- **Data**:

++++++++++

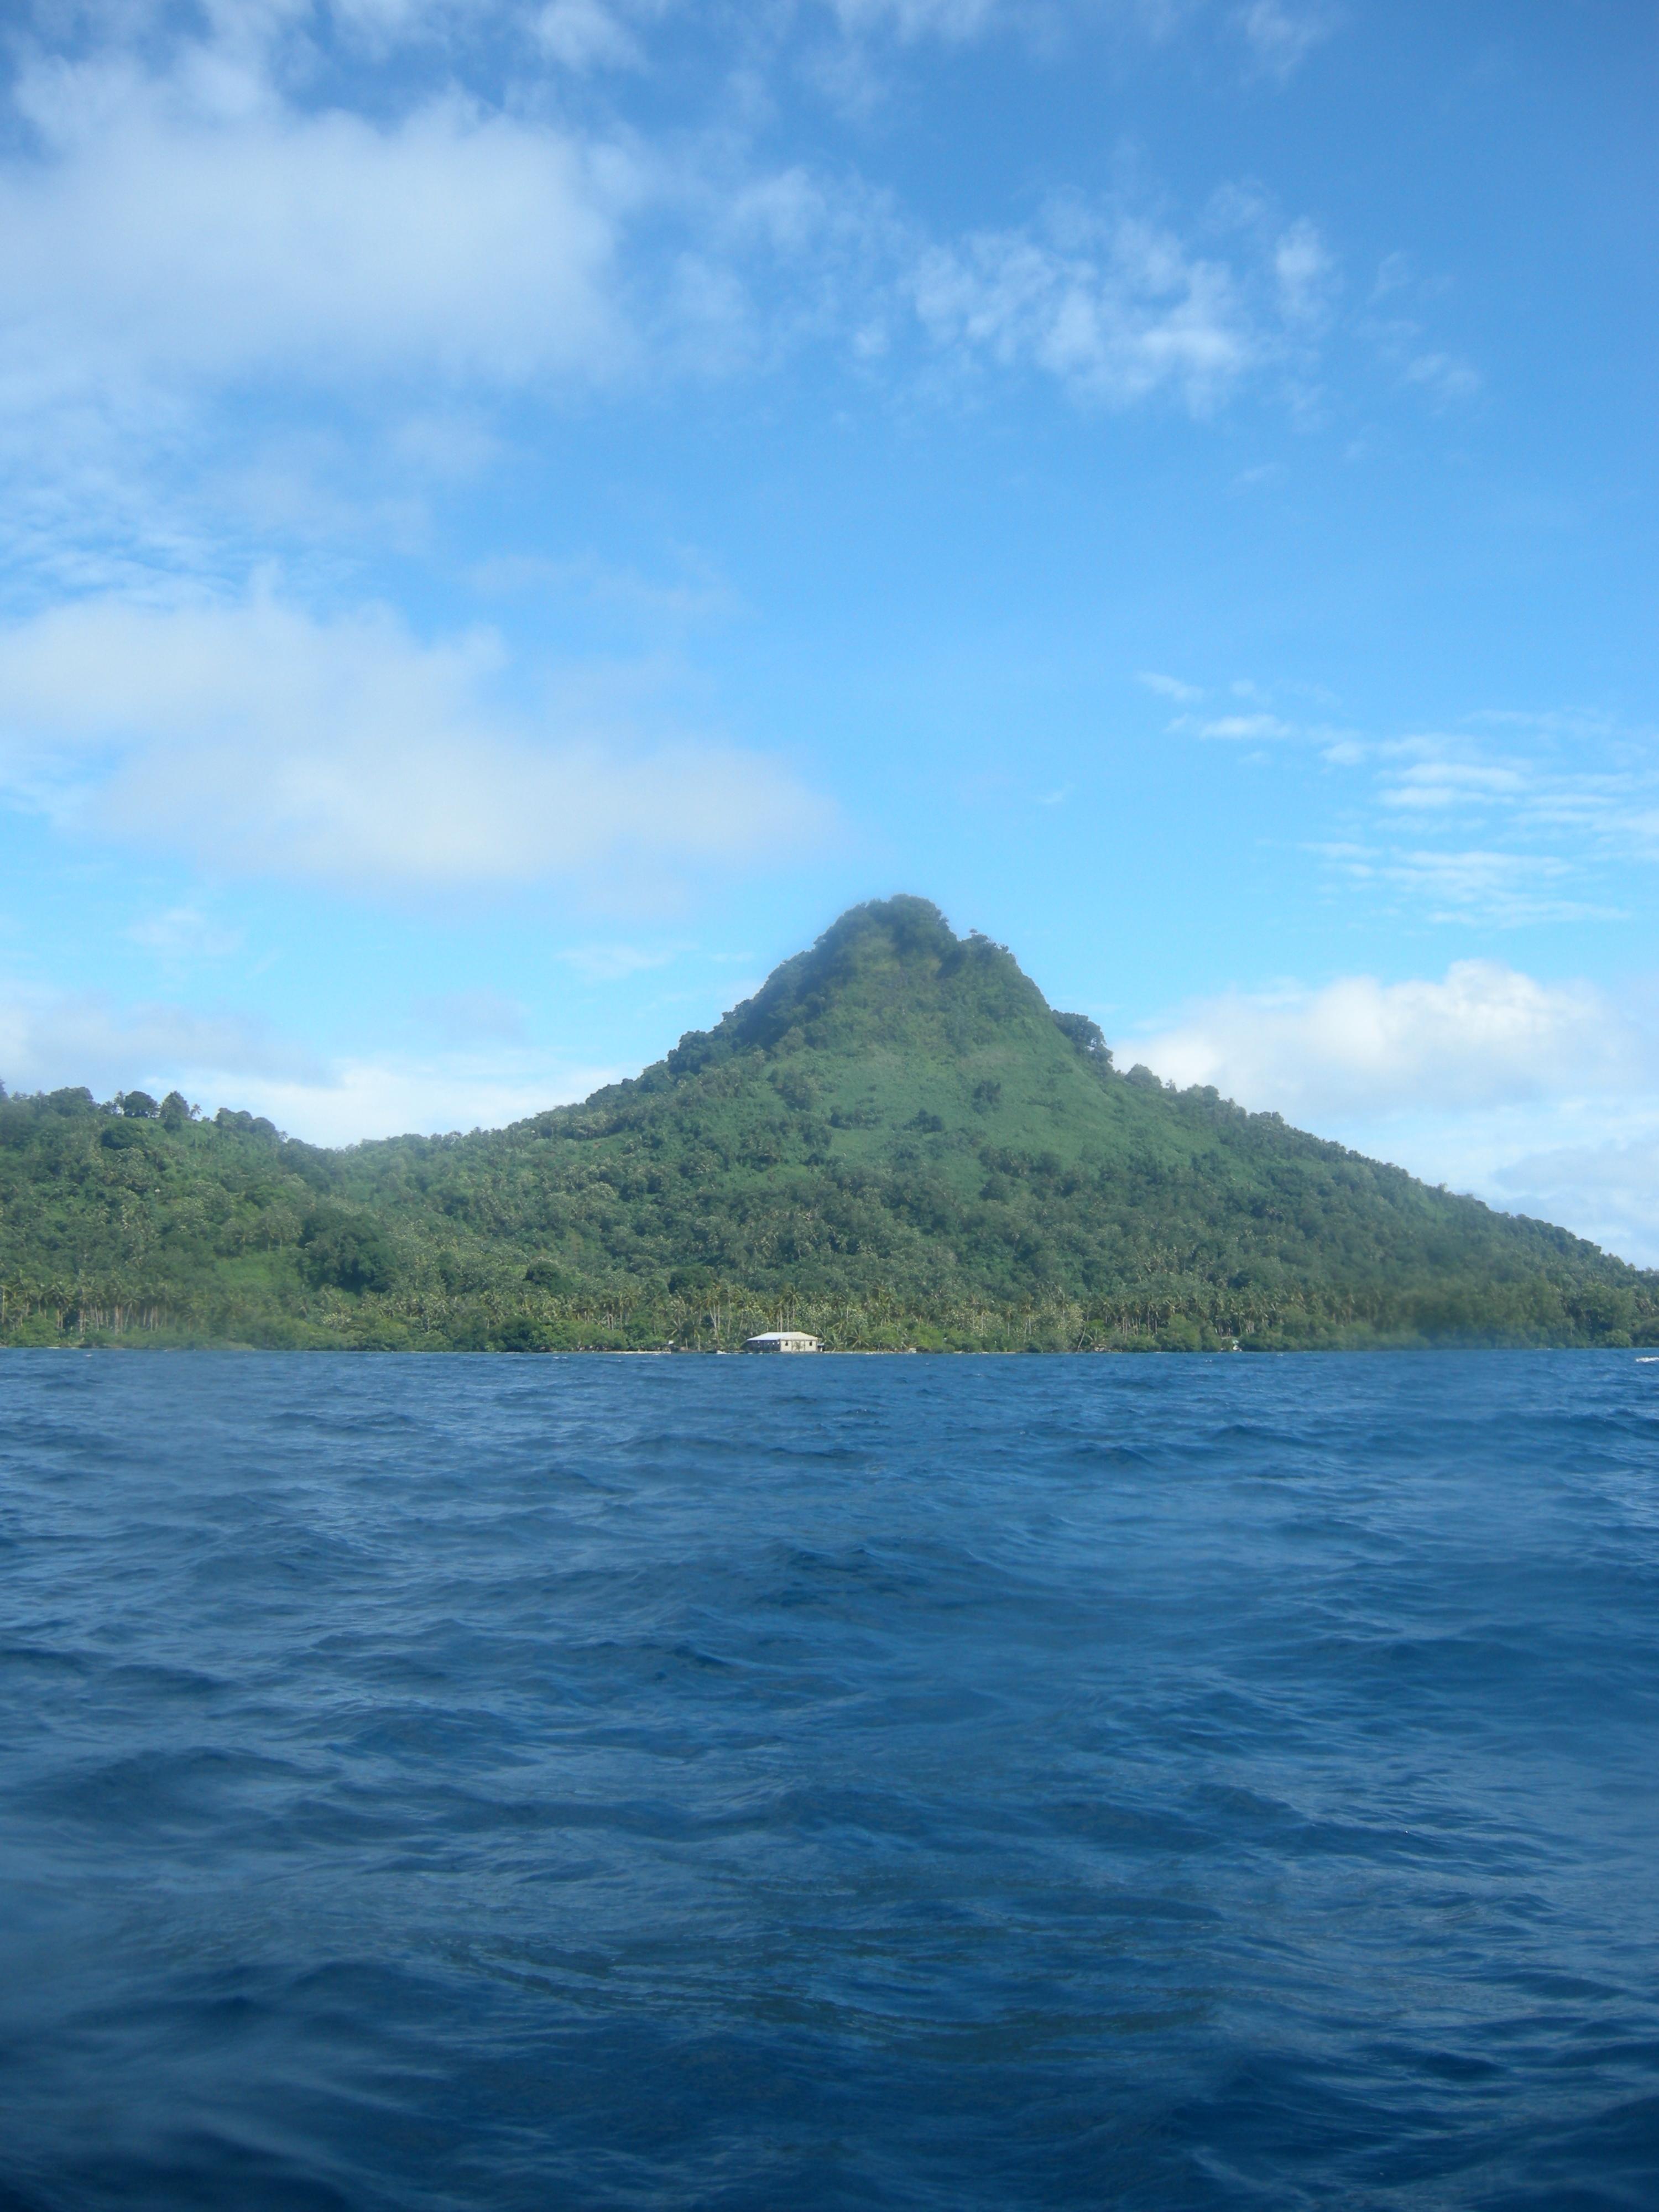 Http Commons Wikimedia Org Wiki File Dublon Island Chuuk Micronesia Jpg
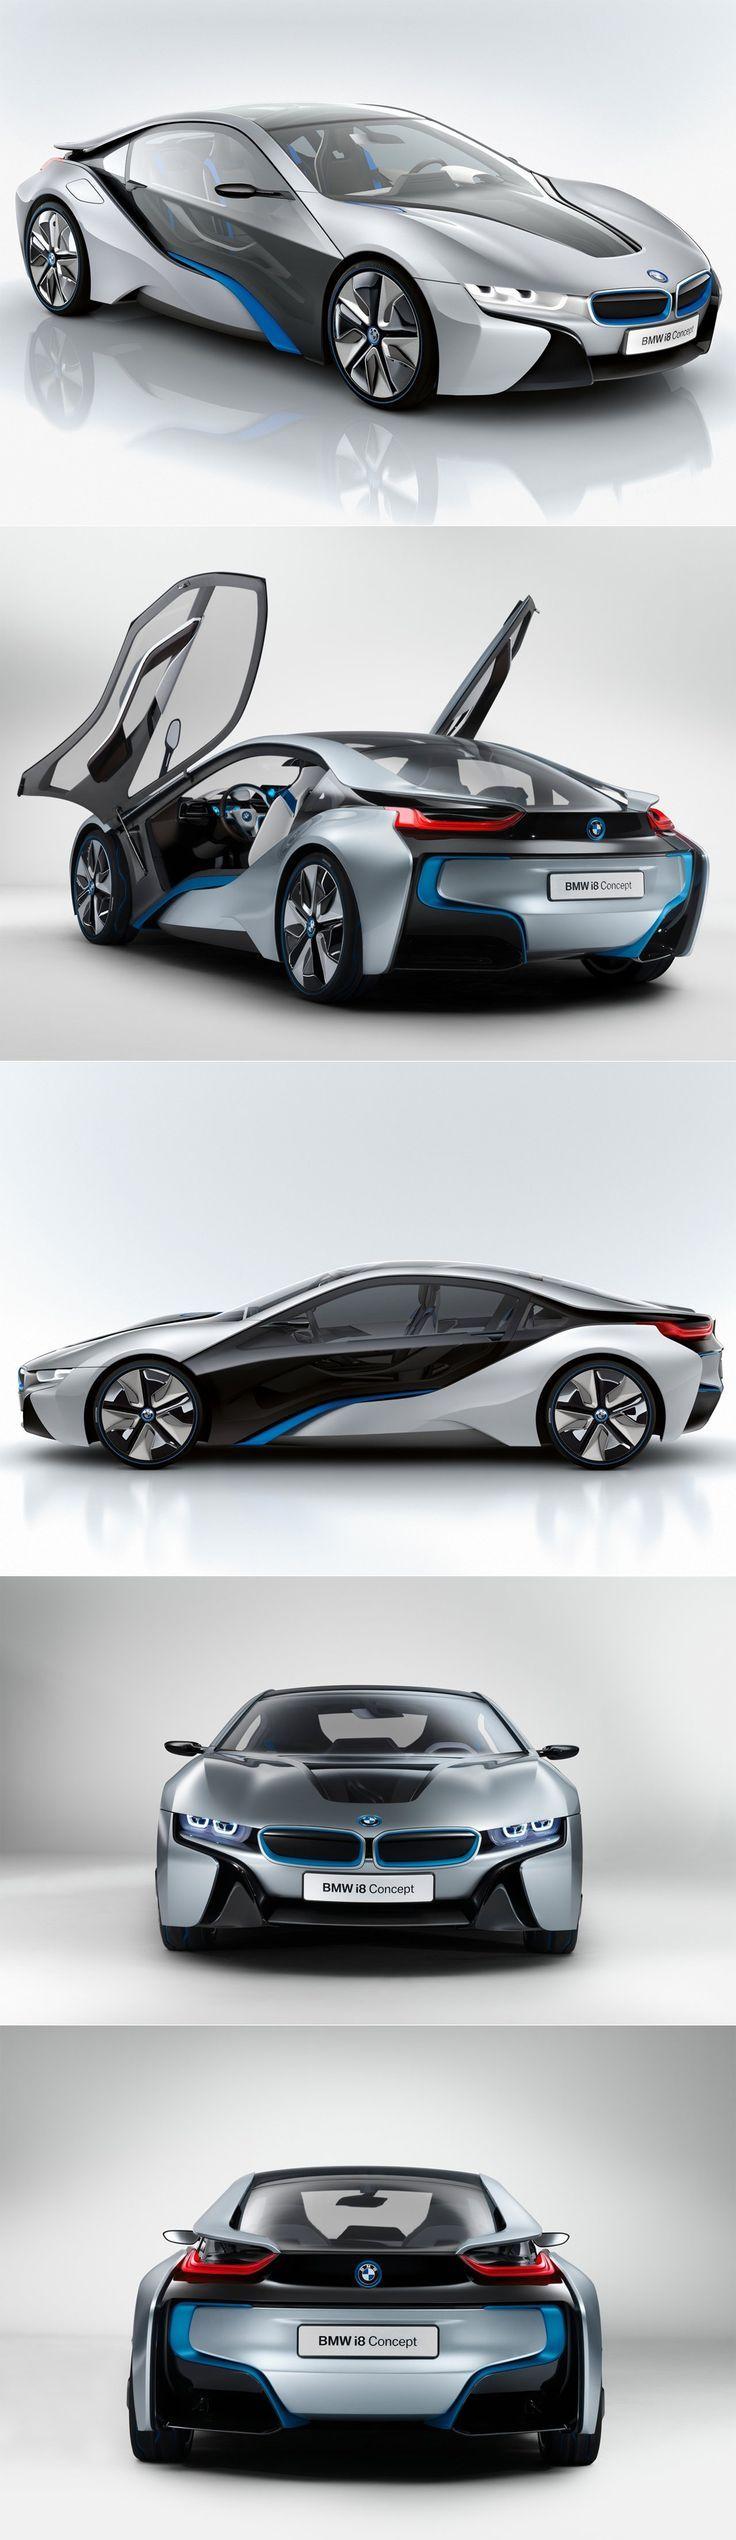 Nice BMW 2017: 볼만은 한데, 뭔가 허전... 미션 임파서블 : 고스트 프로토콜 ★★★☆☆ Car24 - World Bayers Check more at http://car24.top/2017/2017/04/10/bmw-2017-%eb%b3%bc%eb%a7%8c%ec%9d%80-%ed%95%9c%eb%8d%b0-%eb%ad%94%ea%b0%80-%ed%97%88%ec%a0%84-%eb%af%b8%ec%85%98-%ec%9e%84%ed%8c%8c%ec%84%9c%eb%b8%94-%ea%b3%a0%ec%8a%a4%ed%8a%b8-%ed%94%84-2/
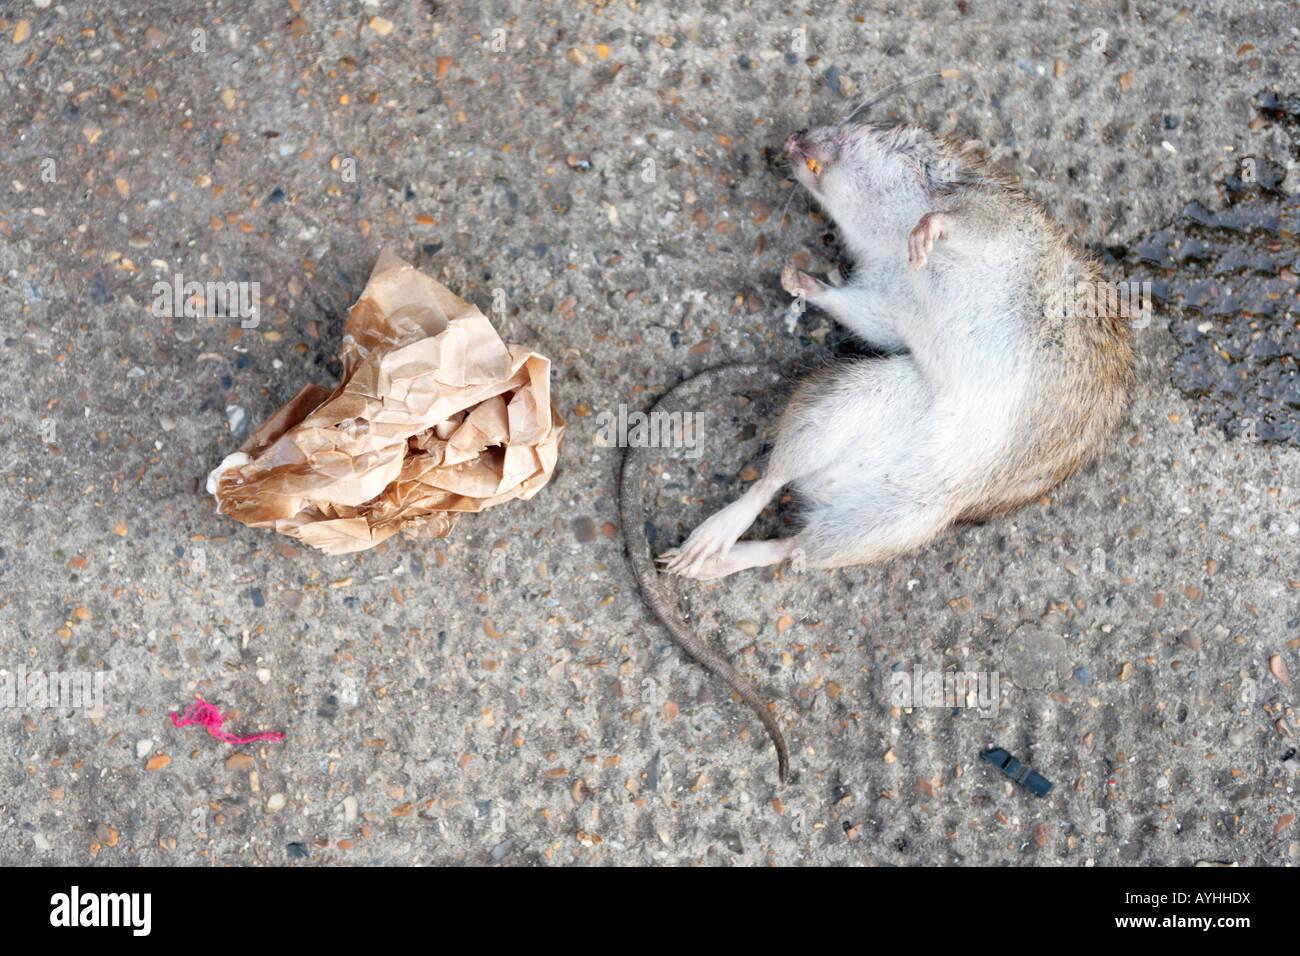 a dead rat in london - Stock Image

++++++++++

- **Directions**:
Would you print the material exactly once more, without any of its pictures?

- **Solution for this task**:
 Http Commons Wikimedia Org Wiki File Dublon Island Chuuk Micronesia Jpg
 Nice BMW 2017: 볼만은 한데, 뭔가 허전... 미션 임파서블 : 고스트 프로토콜 ★★★☆☆ Car24 - World Bayers Check more at http://car24.top/2017/2017/04/10/bmw-2017-%eb%b3%bc%eb%a7%8c%ec%9d%80-%ed%95%9c%eb%8d%b0-%eb%ad%94%ea%b0%80-%ed%97%88%ec%a0%84-%eb%af%b8%ec%85%98-%ec%9e%84%ed%8c%8c%ec%84%9c%eb%b8%94-%ea%b3%a0%ec%8a%a4%ed%8a%b8-%ed%94%84-2/
 a dead rat in london - Stock Image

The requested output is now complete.